The area falls under the Warrington South constituency for which Sarah Hall is the current Member of Parliament (Labour Party).

==Transport==
Bus: Warrington's Own Buses provides buses, with direct services to the town centre (20 minutes) and the Westbrook Centre (10 mins).

Train:: Warrington West Station (10 minutes walk) offers hourly services to Warrington Central, Manchester Oxford Road and Liverpool Lime Street, for the West Coast Main Line passengers must get the bus to Warrington Bank Quay (15 mins).
Sankey for Penketh Station (10 minute walk) offers fewer train times.

Air:: The nearest airports to Whittle Hall are Liverpool John Lennon Airport (8 miles) and Manchester Airport (15 miles)
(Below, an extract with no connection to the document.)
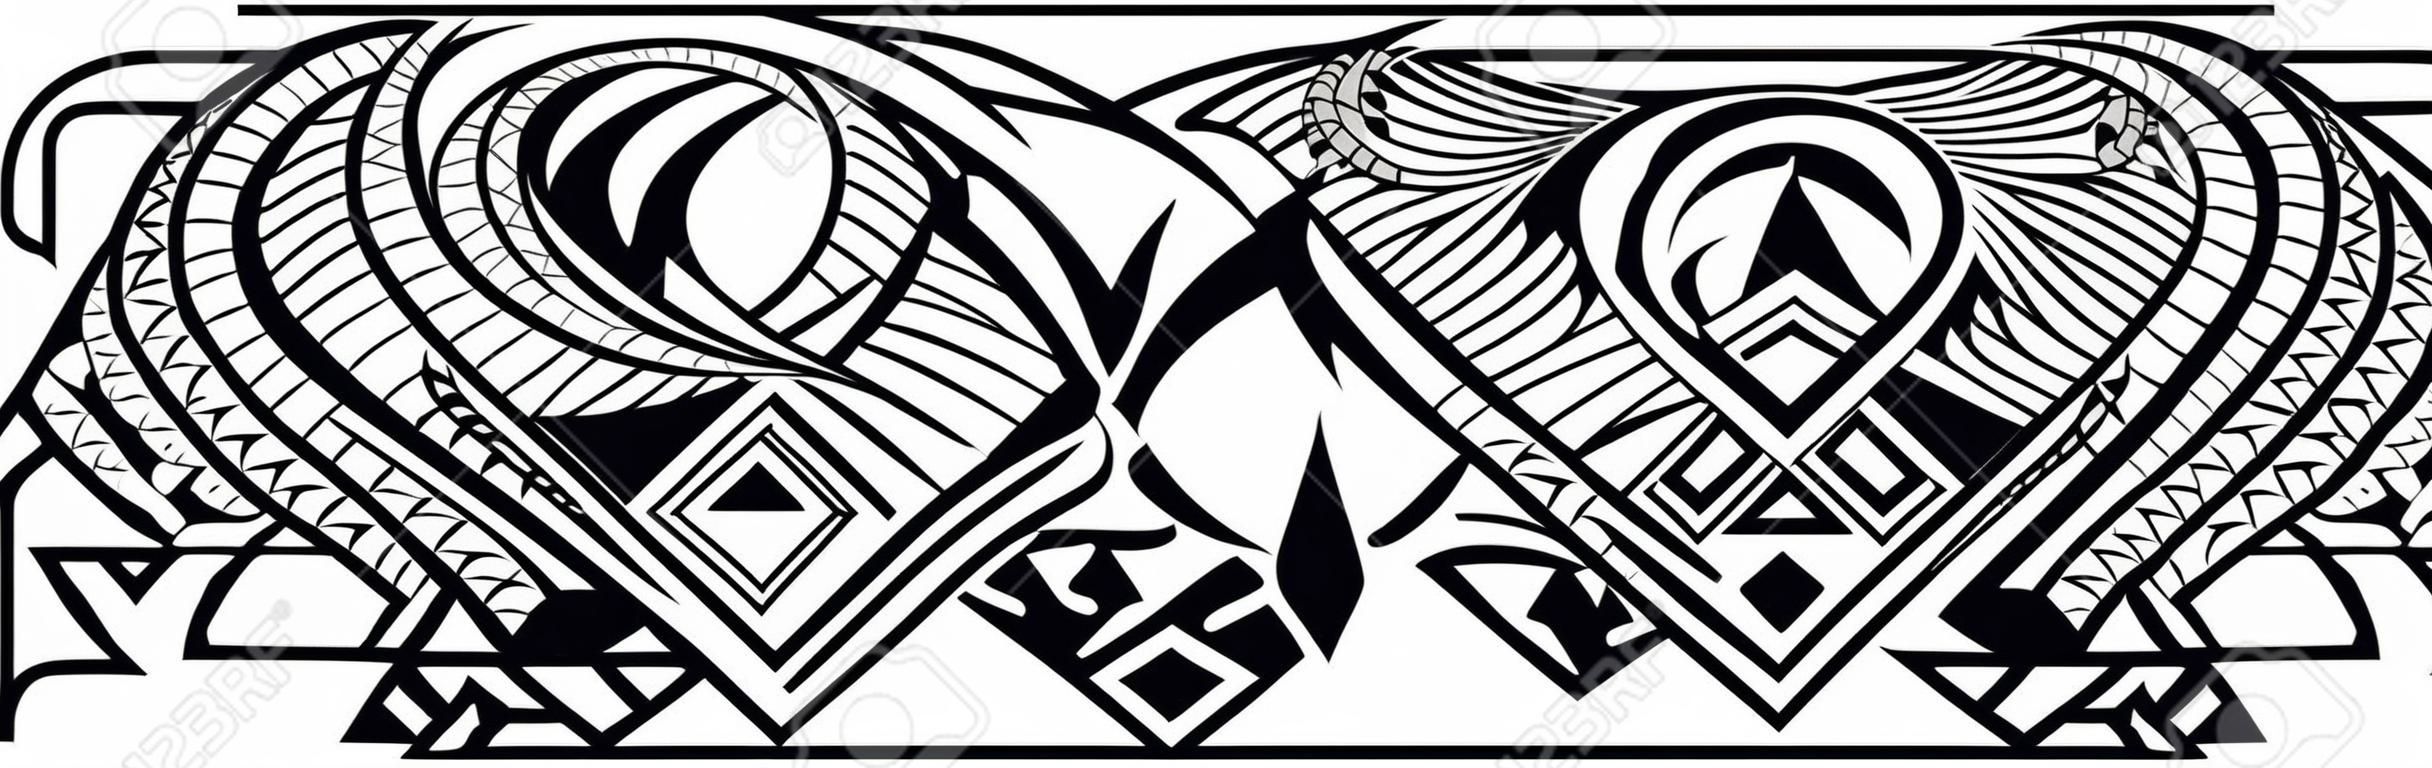 Maori del modello del tatuaggio polinesiano, bordo dell'ornamento delle samoa, vettore del modello tribale etico.

Road: Kingsdale Road runs through the estate but actually contains no houses, houses are found on connected dead end roads/cul-de-sacs. Whittle Hall is connected to the outside world through Whittle Hall Avenue and Lingley Green Avenue. The estate is located just 1 mile from the M62 Junction 8, making the houses popular homes for people working in Manchester and Liverpool (each 45 minutes). Travel to Warrington town centre is achieved via Whittle Hall Avenue and Liverpool Road (A57 road) the journey is 3 miles and takes from 10 minutes.

==Education==
Whittle Hall forms part of the catchment area for Great Sankey High School which also contains sixth form facilities under the name Barrow Hall College. Penketh High School is as close to the estate but because its catchment area does not cover Whittle Hall few children from the estate attend.

==Sports and leisure==
Whittle Hall has no professional sports teams, Warrington Wolves RLFC is the closest major sports team. As for the Premier League Wigan Athletic is the closest by distance, however Everton F.C. Liverpool F.C., and Manchester United are the most commonly supported clubs. Sankey Leisure centre is located next to Great Sankey High School. It is only a 2-minute drive and offers an indoor swimming pool, tennis courts and an astroturf football pitch. There is a David Lloyd gym located 5 minutes drive on the A57.

==Landmarks and culture==
Whittle Hall's most known place is the duck pond located where the estate meets Lingley Avenue. This area contains the community centre, football fields a playground and was formerly part of "Site 2" airmen's living area on the giant RAF Burtonwood. Although just outside Whittle Hall the 'Thatched Cottage' is very well known. This newly built white cottage is very recognisable against the backdrop of red brick houses. The estate is bordered on one side by the linear park which contains a stream, open areas and separates the estate from the older parts of Great Sankey. The park is the main route used for school children who walk to the schools located on Barrow Hall Lane as well as being extremely popular with dog walkers.